Material and methods

Plant material and growth conditions

After surface-sterilization with HgCl2 solution (0.1%, w/v), the safflower seeds were germinated on a wet filter paper at 25 °C for 48 h under sterile conditions. Next, uniform size germinated seedlings were transplanted in plastic pots (20 cm × 30 cm), 8 plants per pot, filled with perlite. Full-strength hoagland nutrient solution (Arnon and Hogland 1940) was applied. After 10 days of stabilization, Pb and MEL treatments were applied either alone or in combination. To determine the optimal dose, preliminary experiments with different concentrations of Pb(NO3)2 and MEL were carried out independently (data not presented). Pb treatments (0 and 50 μM Pb(NO3)2) were applied by root irrigation and foliar portions of seedlings were simultaneously sprayed with five levels of MEL (0, 100, 150, 200 and 300 μM) in pots containing 8 plants as follows: (T1) Control (0 μM Pb(NO3)2 + 0 μM MEL), (T2) (50 μM Pb(NO3)2 + 0 μM MEL), (T3) (0 μM Pb(NO3)2 + 100 μM MEL), (T4) (50 μM Pb(NO3)2 + 100 μM MEL), (T5) (0 μM Pb(NO3)2 + 150 μM MEL), (T6) (50 μM Pb(NO3)2 + 150 μM MEL), (T7) (0 μM Pb(NO3)2 + 200 μM MEL), (T8) (50 μM Pb(NO3)2 + 200 μM MEL), (T9) (0 μM Pb(NO3)2 + 300 μM MEL), (T10) (50 μM Pb(NO3)2 + 300 μM MEL) (Table 1). To prepare sprayed MEL solution, MEL was dissolved in 100% ethanol at a concentration of 10 mM and stored at −20 °C as a stored solution.
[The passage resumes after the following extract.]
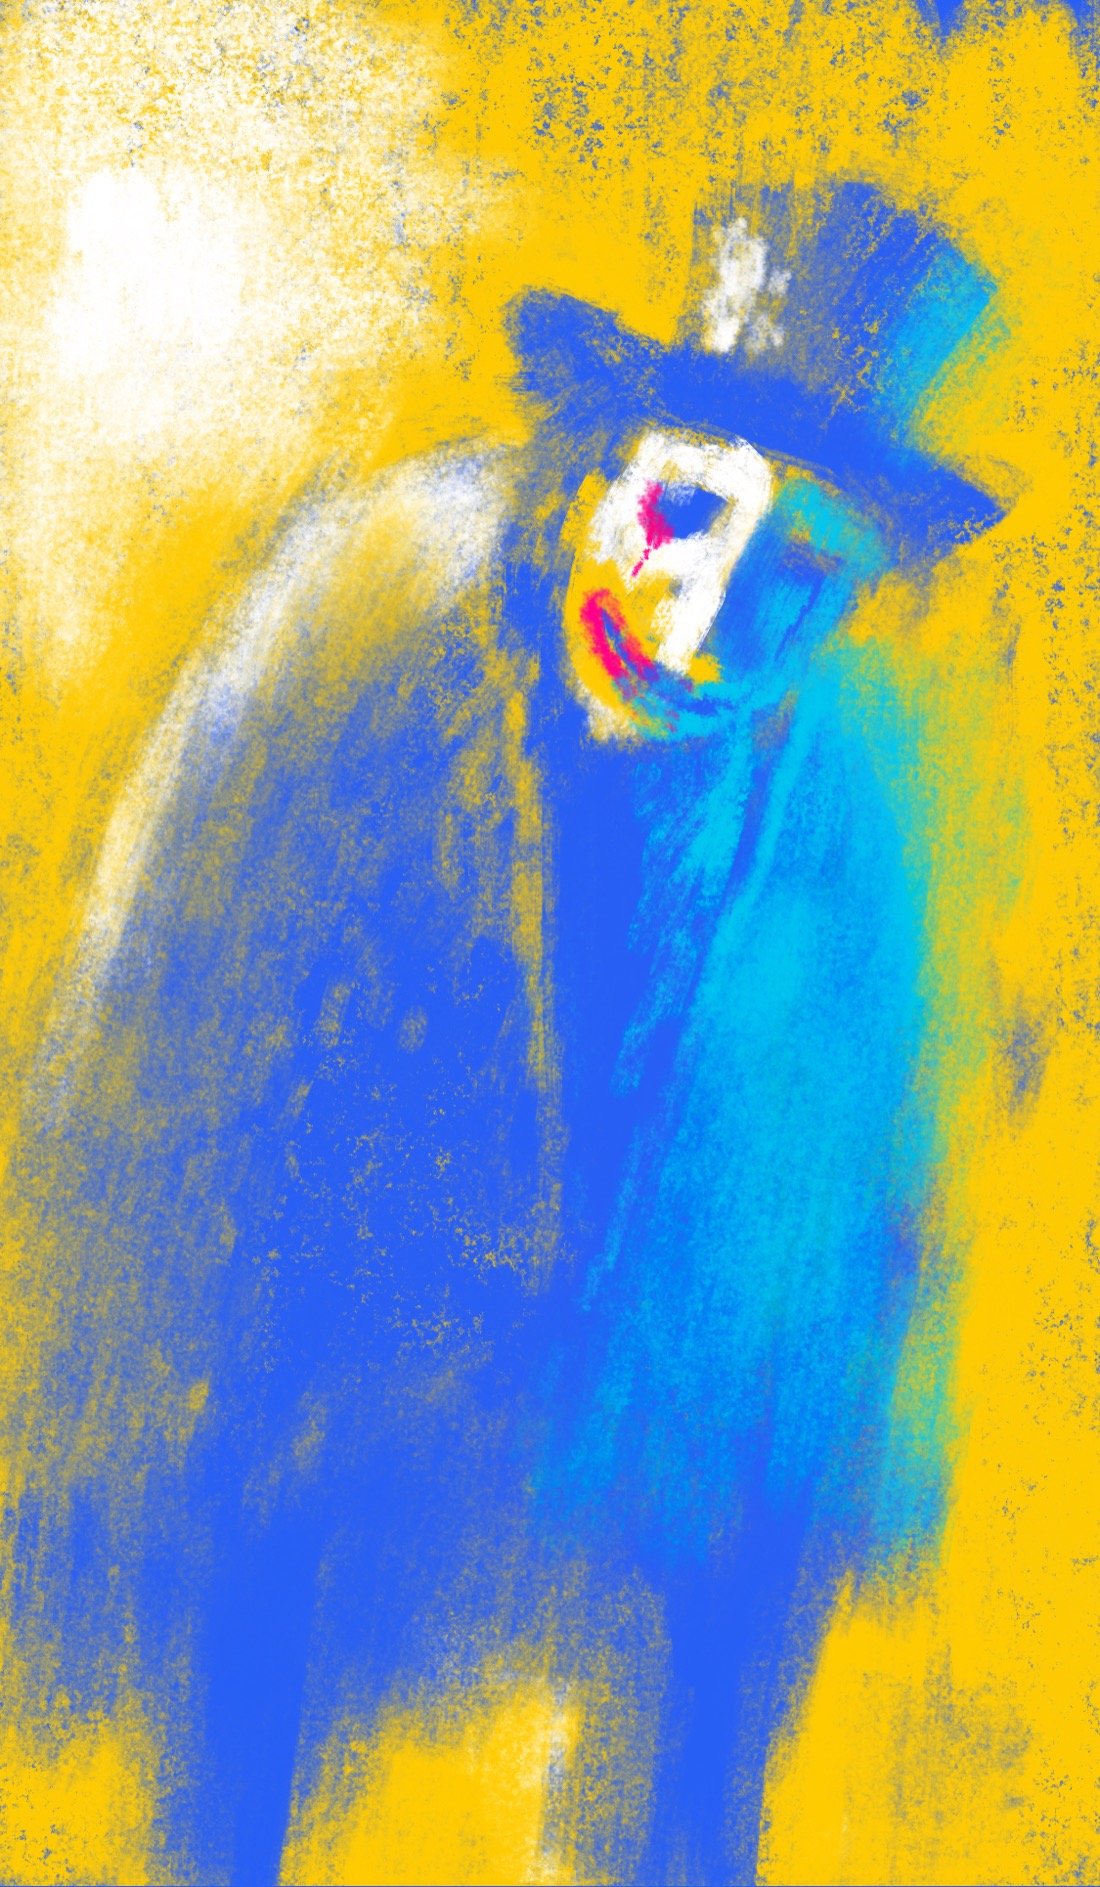 A person wearing a long cloak and top hat stands near a light. The person's face is disturbingly clownish, with garish pink makeup on their lips and eyes. The person appears to loom towards the viewer. The drawing looks like it is rendered in oil; the texture is rough, the details blurry. The background of the drawing is yellow, and the figure is blue. The left side of the figure has white light reflecting off of it; the right side has a bluish-green tint, as though reflecting a pale green light from somewhere else.
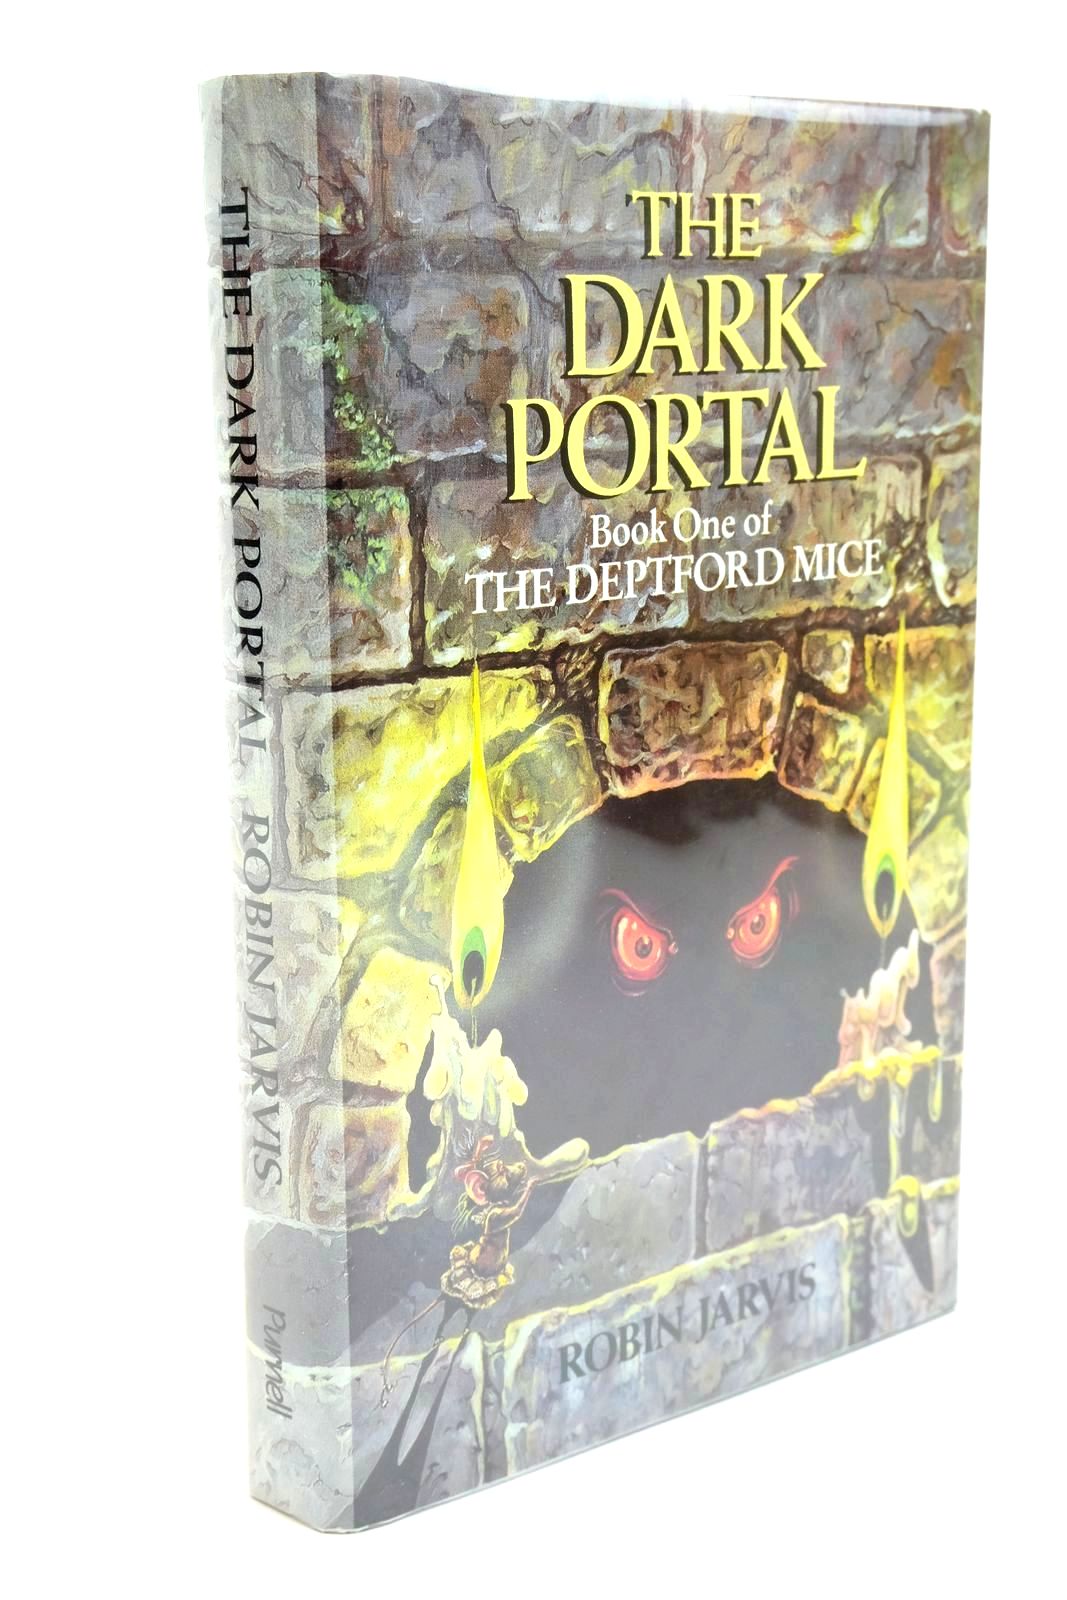 Photo of THE DARK PORTAL written by Jarvis, Robin illustrated by Jarvis, Robin published by Purnell (STOCK CODE: 1321873)  for sale by Stella & Rose's Books

At the time of use, stored solution was further diluted in to different concentrations. Hoagland solutions with or without Pb, were changed every 5 days followed by foliar spray of melatonin and their pH adjusted to 6.5. A completely randomized design with five replicates was carried out. Plants were grown in a controlled-environment growth room with the following conditions: 16/8 light/dark photoperiod and photon flux density 200 µmol m−2 s−1, Day/night temperature of 26/22 °C and 65 ± 5% relative humidity. The plants were harvested after 14 days of growth and subsequently separated the root, stem and leaf samples. The samples were dried at 80 °C for 48 h to estimate plant dry mater and Pb concentration.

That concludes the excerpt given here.